§ DATA SHOWN:
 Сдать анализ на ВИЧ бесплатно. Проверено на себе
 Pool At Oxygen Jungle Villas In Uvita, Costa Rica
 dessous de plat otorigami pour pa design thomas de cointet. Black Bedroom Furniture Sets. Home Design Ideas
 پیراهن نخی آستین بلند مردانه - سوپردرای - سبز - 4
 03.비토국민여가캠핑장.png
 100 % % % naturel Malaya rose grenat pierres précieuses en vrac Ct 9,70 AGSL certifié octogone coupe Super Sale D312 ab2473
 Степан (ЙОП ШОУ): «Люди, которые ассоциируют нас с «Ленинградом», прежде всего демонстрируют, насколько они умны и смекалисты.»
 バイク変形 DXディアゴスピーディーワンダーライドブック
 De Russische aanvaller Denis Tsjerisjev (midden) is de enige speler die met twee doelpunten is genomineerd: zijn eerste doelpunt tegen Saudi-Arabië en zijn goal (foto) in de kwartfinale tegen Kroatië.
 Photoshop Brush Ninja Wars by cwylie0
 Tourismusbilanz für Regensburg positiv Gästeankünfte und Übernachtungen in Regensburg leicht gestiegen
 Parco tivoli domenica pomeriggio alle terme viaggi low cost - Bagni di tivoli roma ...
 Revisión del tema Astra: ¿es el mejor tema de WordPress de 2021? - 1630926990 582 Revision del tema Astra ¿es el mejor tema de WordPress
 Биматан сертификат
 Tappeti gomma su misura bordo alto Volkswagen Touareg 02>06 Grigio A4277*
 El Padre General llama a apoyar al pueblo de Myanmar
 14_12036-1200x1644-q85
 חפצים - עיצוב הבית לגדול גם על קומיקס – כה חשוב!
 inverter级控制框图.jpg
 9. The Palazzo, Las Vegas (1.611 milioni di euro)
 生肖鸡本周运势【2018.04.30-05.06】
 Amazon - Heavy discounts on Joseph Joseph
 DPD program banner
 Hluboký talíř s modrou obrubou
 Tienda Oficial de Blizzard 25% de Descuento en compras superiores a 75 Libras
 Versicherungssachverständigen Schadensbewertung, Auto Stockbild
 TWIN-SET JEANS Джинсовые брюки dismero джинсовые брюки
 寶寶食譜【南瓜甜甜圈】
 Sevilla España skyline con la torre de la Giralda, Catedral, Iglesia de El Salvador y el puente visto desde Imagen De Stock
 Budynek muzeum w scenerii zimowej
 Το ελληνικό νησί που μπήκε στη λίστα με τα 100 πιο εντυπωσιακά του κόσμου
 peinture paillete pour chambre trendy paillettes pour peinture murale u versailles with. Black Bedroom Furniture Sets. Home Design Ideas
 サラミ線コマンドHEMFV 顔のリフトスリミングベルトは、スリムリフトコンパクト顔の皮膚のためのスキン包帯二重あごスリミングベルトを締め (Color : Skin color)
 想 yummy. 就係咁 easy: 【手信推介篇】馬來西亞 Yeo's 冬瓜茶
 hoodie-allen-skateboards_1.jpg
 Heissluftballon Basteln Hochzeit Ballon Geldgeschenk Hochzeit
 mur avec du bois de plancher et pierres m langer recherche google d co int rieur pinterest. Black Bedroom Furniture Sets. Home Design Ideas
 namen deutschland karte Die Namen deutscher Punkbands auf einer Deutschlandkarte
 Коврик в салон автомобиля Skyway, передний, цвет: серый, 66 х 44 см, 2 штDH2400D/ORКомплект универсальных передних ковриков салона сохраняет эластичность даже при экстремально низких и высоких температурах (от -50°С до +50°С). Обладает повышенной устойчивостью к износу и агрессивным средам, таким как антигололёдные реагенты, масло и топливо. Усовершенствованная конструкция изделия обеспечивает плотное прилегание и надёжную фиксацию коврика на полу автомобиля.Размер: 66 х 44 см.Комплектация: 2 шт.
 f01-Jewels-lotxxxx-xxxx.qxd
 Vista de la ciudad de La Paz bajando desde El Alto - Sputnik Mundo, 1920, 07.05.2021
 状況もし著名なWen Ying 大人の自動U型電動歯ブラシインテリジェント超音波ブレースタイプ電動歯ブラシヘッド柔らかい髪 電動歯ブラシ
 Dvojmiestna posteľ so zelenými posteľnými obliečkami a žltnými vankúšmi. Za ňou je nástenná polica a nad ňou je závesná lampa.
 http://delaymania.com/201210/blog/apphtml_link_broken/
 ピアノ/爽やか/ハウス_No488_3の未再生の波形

§ REQUIRED ACTION:
For the string "Home", go line by line through the material and copy every line that has it.

§ SOLUTION:
 dessous de plat otorigami pour pa design thomas de cointet. Black Bedroom Furniture Sets. Home Design Ideas
 peinture paillete pour chambre trendy paillettes pour peinture murale u versailles with. Black Bedroom Furniture Sets. Home Design Ideas
 mur avec du bois de plancher et pierres m langer recherche google d co int rieur pinterest. Black Bedroom Furniture Sets. Home Design Ideas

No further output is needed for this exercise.